The afternoon class was held at CELA so that we could see 'patients'. We were put into teams of two and we get to have 25 minutes with a trained/paid actor who plays a patient. They all have a storyline that they followed but some parts are real information about themselves so I am under the HIPAA rules. My partner was Jenna, a fellow Med School 101 student. Before the session with our patient, we got together to discuss the attack plan. We talked about what we would say, how we would introduce ourselves and we practiced a bit. We were given information about the patient ahead of time so that we can talk to them about their health problems. Before the session Mary told us that we wouldn't focus on the physical exam part but rather the history and counseling part. She wants us to learn to interact with our patient and talk to them about their health. While standing outside the patient's room preparing to go in, I noticed there were medical students there as well. I later found out that they were there to learn how to give bad news to patients. I could hear yelling coming from a room close by and I thought that those students are really getting the experience.

So our session began and we prepared to go in. I knocked on the door before entering while Jenna sanitized her hands like she should. I introduced myself, as a Med School 101 student, and then washed my hands while Jenna introduced herself. It was extremely awkward! Our patient was a middle aged man so it was so strange to have him talked to us like we were real doctors. So we learned that we should establish trust with our patient by sitting down, so we did. Things felt really nerve wrecking for a bit before we dived into the talking and it eases up a bit. The patient was overweight so we talked to him about his diet and exercise. I used what I learned from my shadowing last week and applied it to the situation. Since he ate fast food 5 out of 7 days a week, I suggested that he should do every other day and maybe order healthier choices. I also recommend that he prepares dinner for several days when he has time and then freeze it. I know that it is healthier to eat frozen home cook food than to eat McDonald's. His job involved a lot of walking around so exercising wasn't really the issue. I learned that it was really difficult to keep track of the conversation. I had a list formed in my mind that I wanted to follow but at the dame time I wanted to address whatever issues that the patient brought up so the conversation went all over the map. One minute I was asking about his medical history the next I would be telling him about how to eat better. There were a few awkward silence but they were deflected by Jenna before it got too bad. We ended the session five minutes ahead of schedule because we didn't have anything else to say. Thinking back to the experience I noticed how similar it was to a debate round. I had to prepare some things to say and be prepared to say things off script when needed. I had to convince my opponent that what I said is the better option just like how I had to convince the patient that planning to eat healthy would benefit him better. This session not only gave me a lot of experience but it also proves how being in Forensic will better shape my future. While we waited for the other half of the group to have their session, Mary taught us about laboratory tests. I knew most of the information since on eof my Health Academy field trip was to the Jonh Muir Lab and I got to learn all about laboratory.

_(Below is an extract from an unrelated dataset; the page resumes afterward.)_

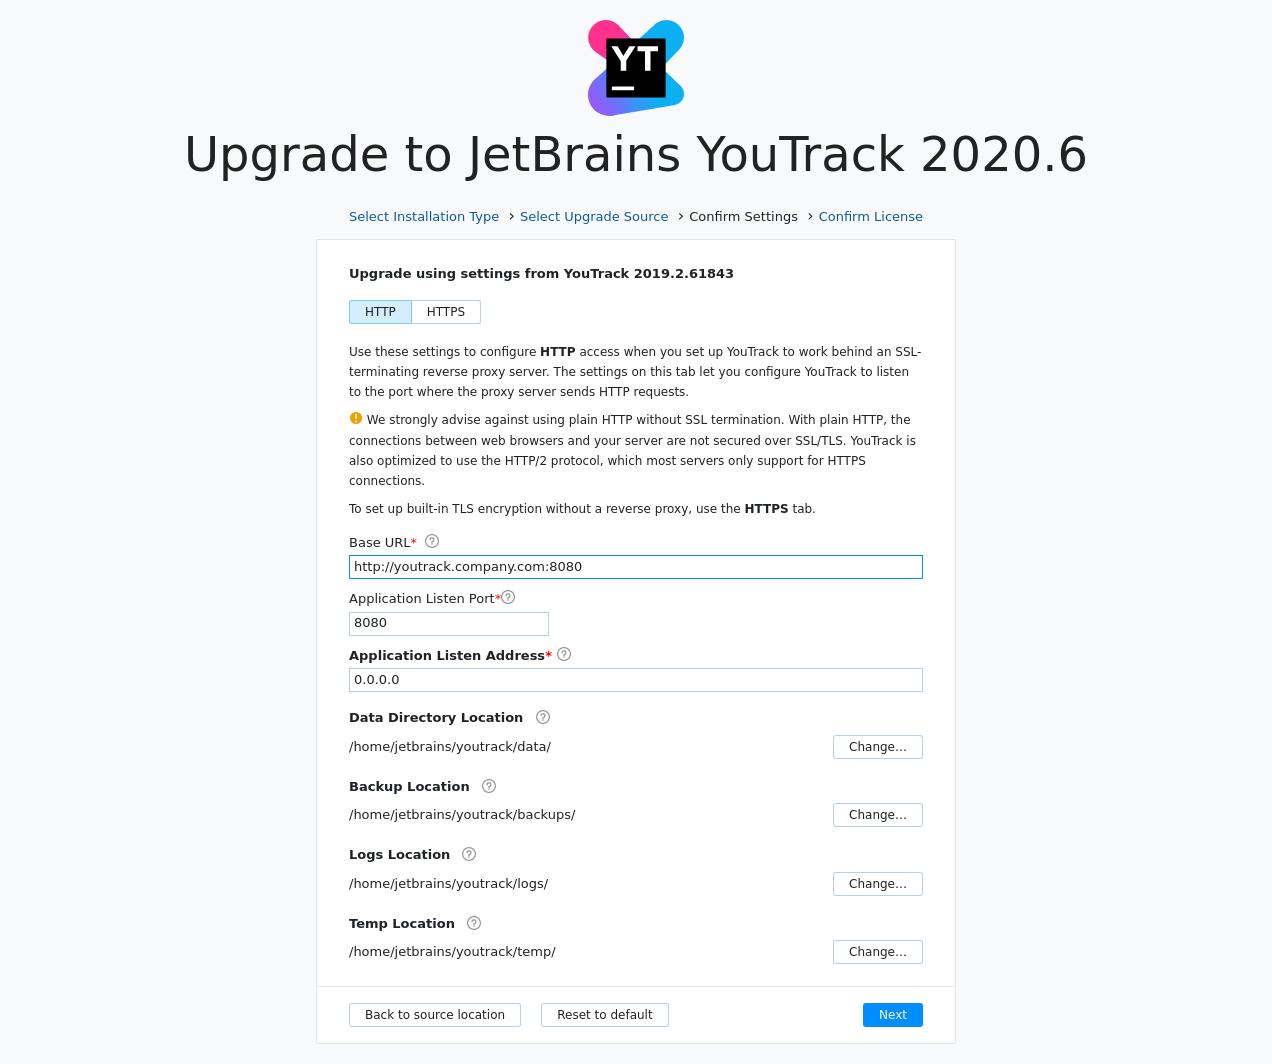 YouTrack JAR upgrade settings

Since today is Friday, we had to do our Arete showcase. I really enjoyed my self-defense class this week and I know it might save my life in the future. The showcase went really well and I really enjoyed everyone's performances. The day ended with an abundance of small activities around the Hank Ingram's house and I attended some. Today's experience is one that will really change my life forever. I went into that room expecting to assess a patient's complaint but ended up counseling him with my Jenna. Playing doctor has never been this important and I was really glad I got such a golden chance to try it.

It's the weekend tomorrow, so it means that I get to sleep in for one extra hour. We have a busy Saturday planned out tomorrow and I can't wait.